Thompson v. Ashba

102 N.E.2d 519, 122 Ind. App. 58, 1951 Ind. App. LEXIS 270
CourtIndiana Court of Appeals
DecidedDecember 26, 1951
Docket18,177
StatusPublished
Cited by9 cases

This text of 102 N.E.2d 519 (Thompson v. Ashba) is published on Counsel Stack Legal Research, covering Indiana Court of Appeals primary law. Counsel Stack provides free access to over 12 million legal documents including statutes, case law, regulations, and constitutions.

Bluebook
Thompson v. Ashba, 102 N.E.2d 519, 122 Ind. App. 58, 1951 Ind. App. LEXIS 270 (Ind. Ct. App. 1951).

Opinion

Achor, J.

This was an action for damages for personal injuries sustained by appellee. The essential facts in the case, as supported by evidence most favorable to the appellee, are as follows:

The appellant was operating an automobile east on East Jackson Street in the residential section of the city of Sullivan, Indiana, at a speed of “about 40 to 45 miles per hour.” There were two trucks parked on the south side of the street at the point of collision.
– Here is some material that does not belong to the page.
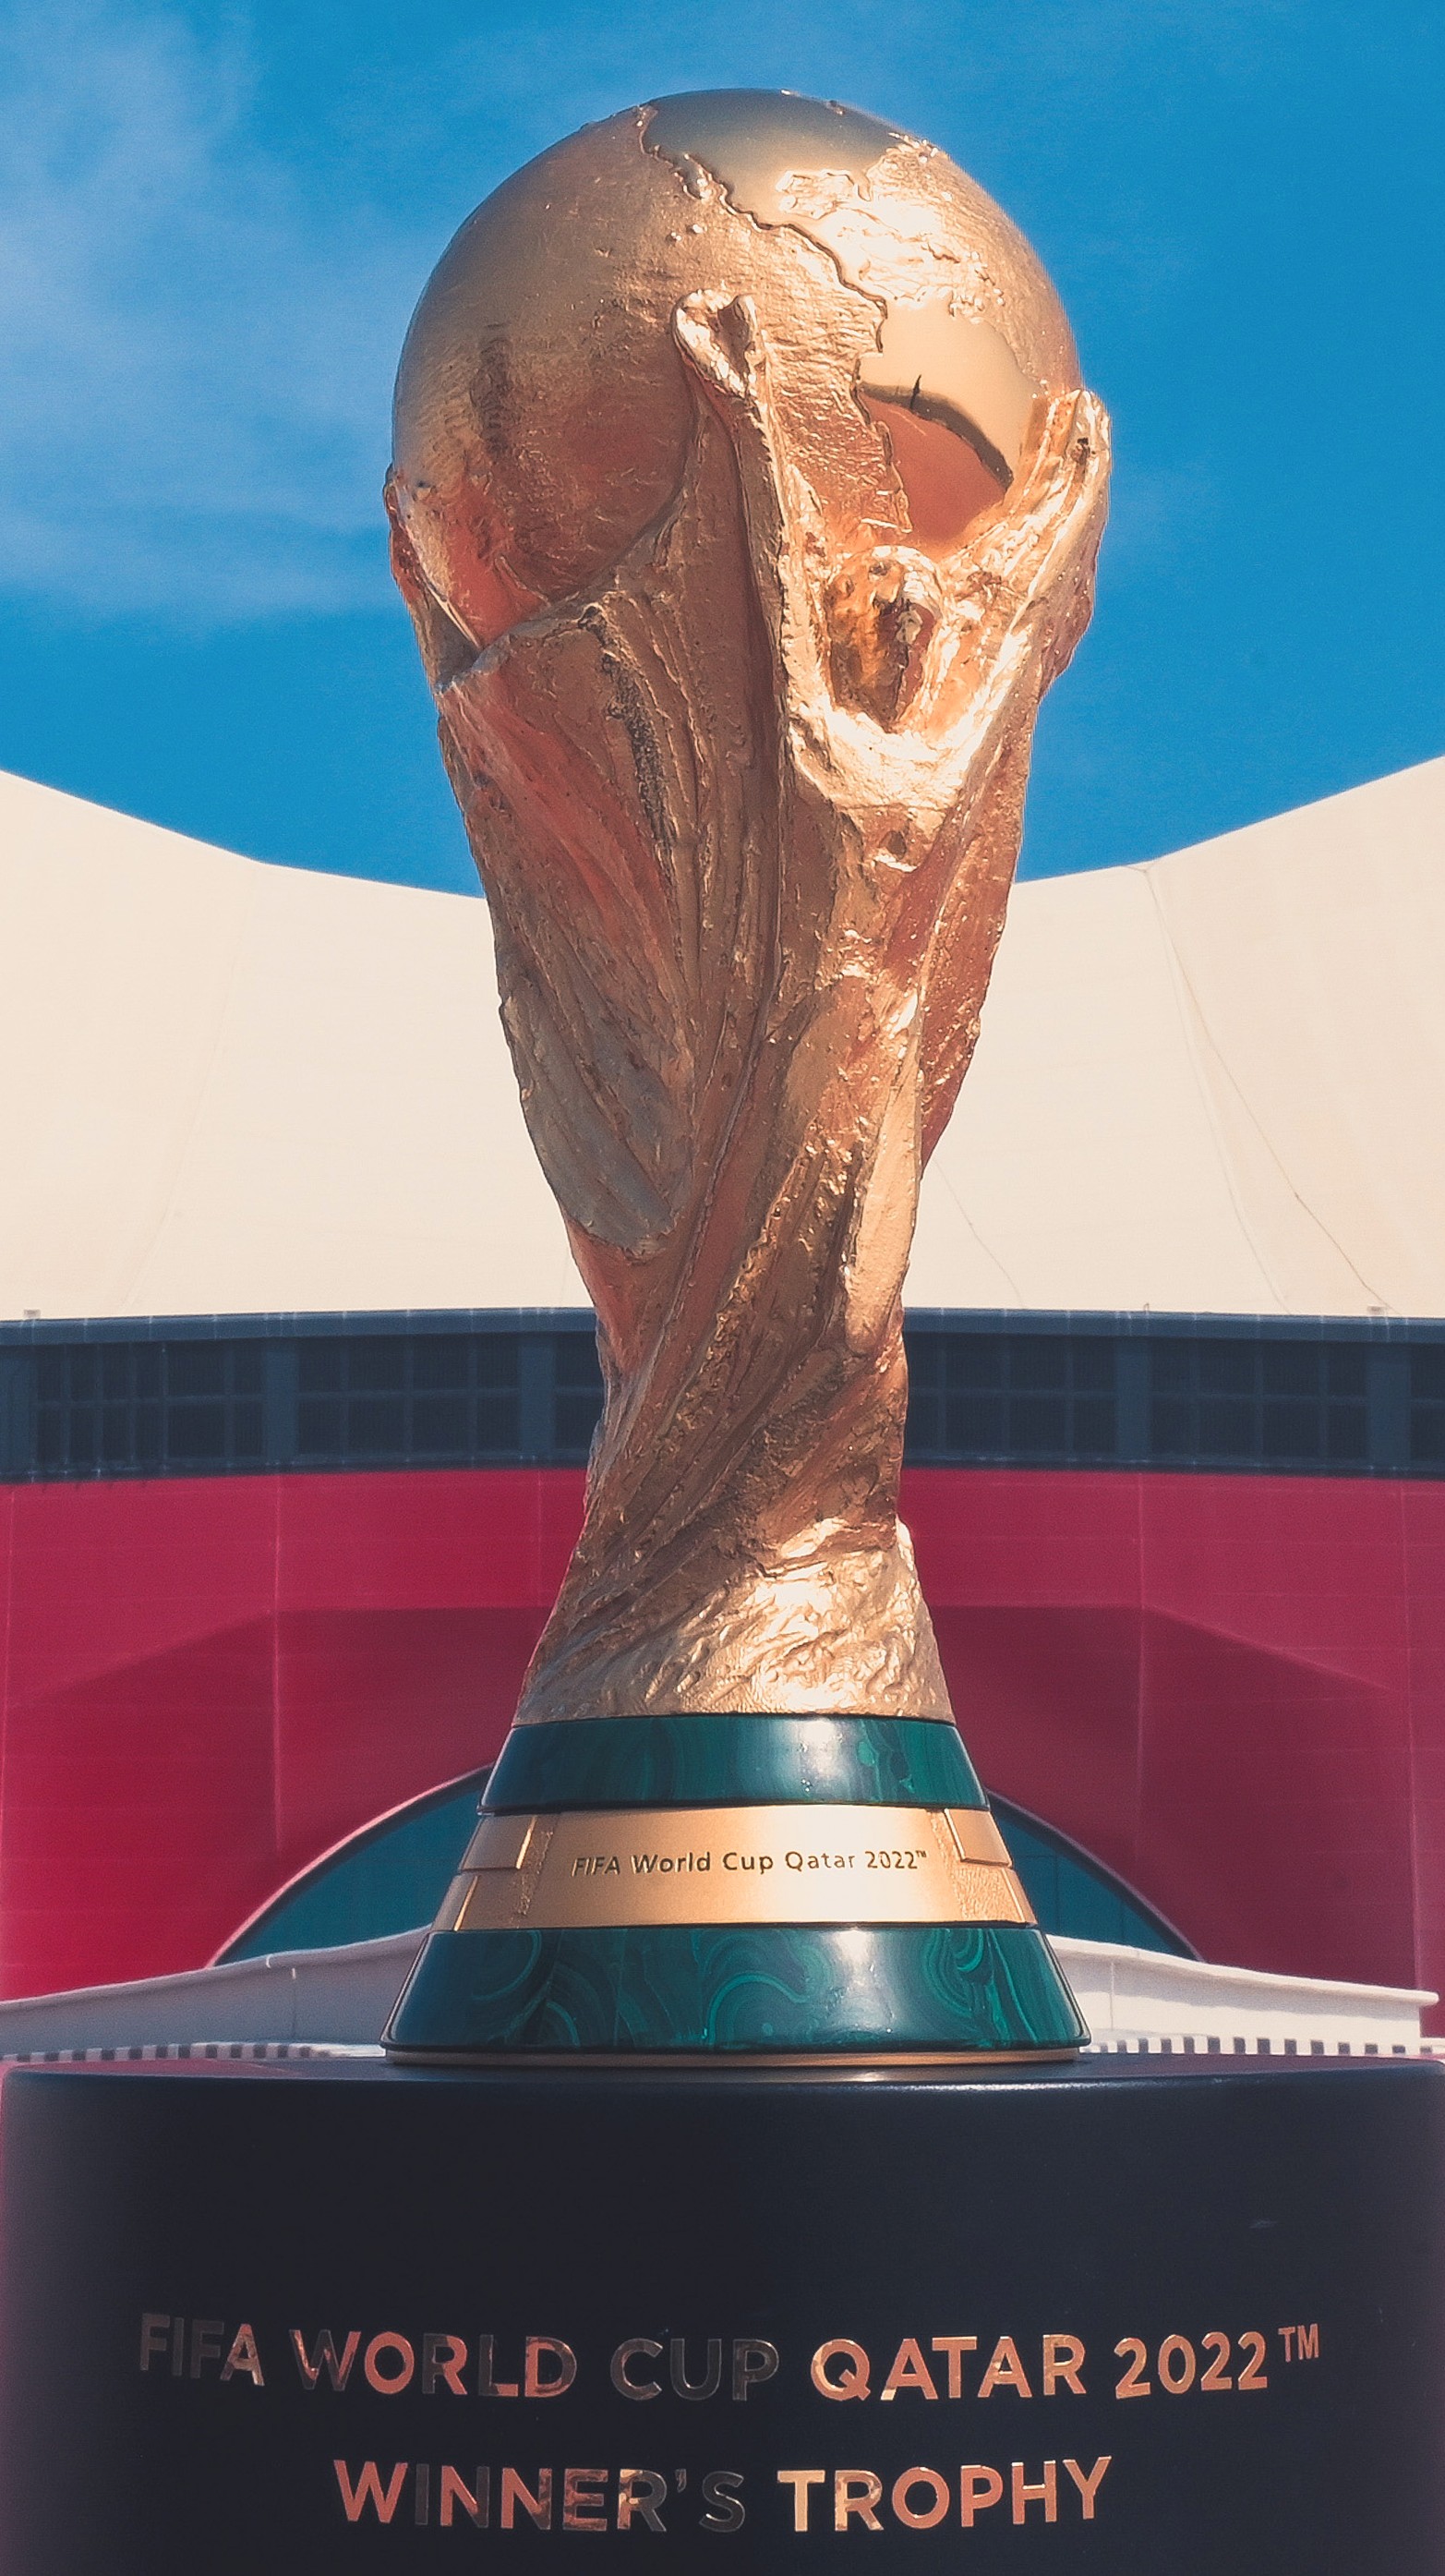 Bolha de atleta, público e regra a estrangeiro: como será o Mundial da Fifa  - 19/01/2021 - UOL Esporte

The appellee, a child three years of .age, “hurried” from between said trucks on the south side of said street, across said street toward the north side thereof. He was struck by the appellant while so crossing the street. The street was “about 30 feet wide” and wide *60 enough for two cars to pass on the north side of said parked trucks. Appellant drove his automobile to the left of said trucks “in the center of the street measuring from the north side of the parked cars over to the north curb” and “about two or three feet” from the north curb. The appellant “set his brakes and travelled 35 to 40 feet” before the impact; “as soon as he hit the boy he stopped right then.” The boy “just rolled over to the north curb” and “laid still.” “When the car came to a stop the child was laying about three feet in front of it.”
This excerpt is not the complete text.